If you do something the airline doesn't like, like book a hidden city or throw-away ticket, they can erase your miles and kick you out of the program. This is when you book a connection flight and don't carry-on to the final destination to save money. It's definitely frowned upon by airlines but it can also get you kicked out of your rewards program.

Unfortunately with many reward programs the miles generally aren't worth their asking price.

What most of us want more than anything from loyalty programs, free flights, are unfortunately very hard to get. This is especially the case for business and first class, especially on international trips and on connecting-flights with decent itineraries. Even if you do nab a free flight most airlines still impose a stiff fuel surcharge or an 'airline fee' which is just a fuel surcharge in disguise.

Another issue is that rewards are often hidden. On airline websites, reward travel using partner airlines is sometimes hidden or not displayed at all. Also, miles required for a seat on any given flight may vary depending on which airline's program booking engine is used. Often, the only way to get a straight answer is to call an airline's frequent flyer office.

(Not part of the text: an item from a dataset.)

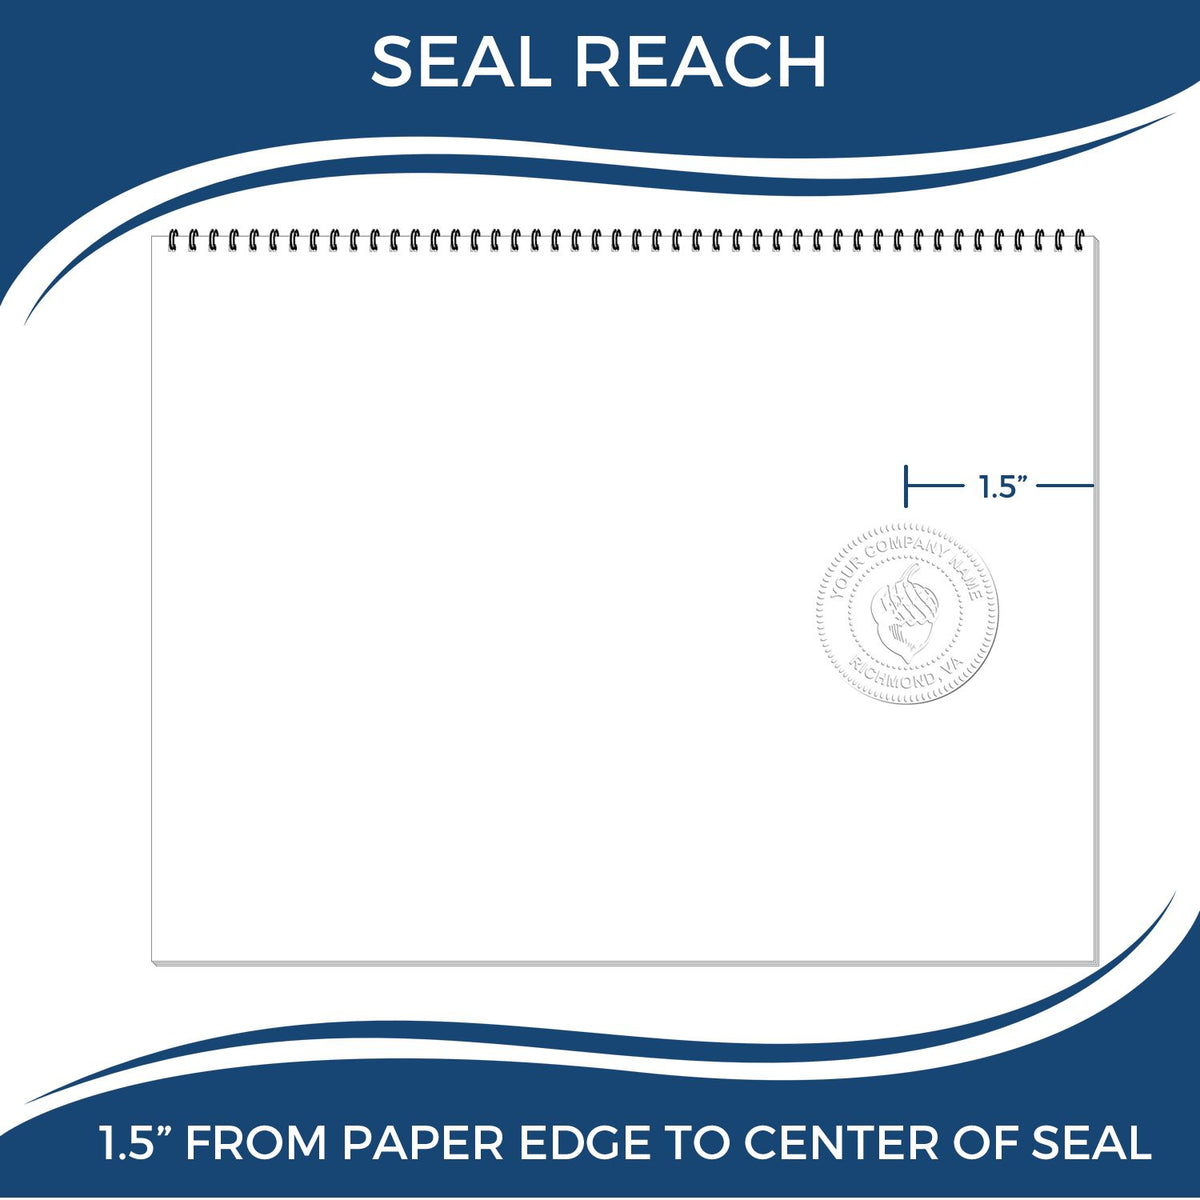 An infographic showing the seal reach which is represented by a ruler and a miniature seal image of the Gift Illinois Geologist Seal

Unfortunately with many reward programs the miles generally aren't worth their asking price. Usually people place the value of airline frequent flyer miles at somewhere around a cent or a cent-and-a-half per mile. You would assume that is close to the price airlines get when they sell miles to banks for inclusion in credit card programs. But when they try to sell miles to you, the big airlines charge more than three cents — about two to three times what the miles are worth. They even charge up to one-and-a-half cents per mile to transfer miles you've already earned or bought.

Finally, elite status isn't what it used to be. For frequent travellers, the most important reward is not so much the miles as it is the elite status that provides special check-in lanes, reduced baggage fees, and (most importantly) no-charge upgrades. The problem is that airlines are now handing out elite status to more and more travellers and at the same time there are cut backs on the number of first and business class seats on domestic flights. Basically, now only super high level members can hope for an upgrade.

So there are some points you might not have known about frequent flyer programs, hopefully by knowing these you can make a better choice about joining a loyalty program. Happy travels!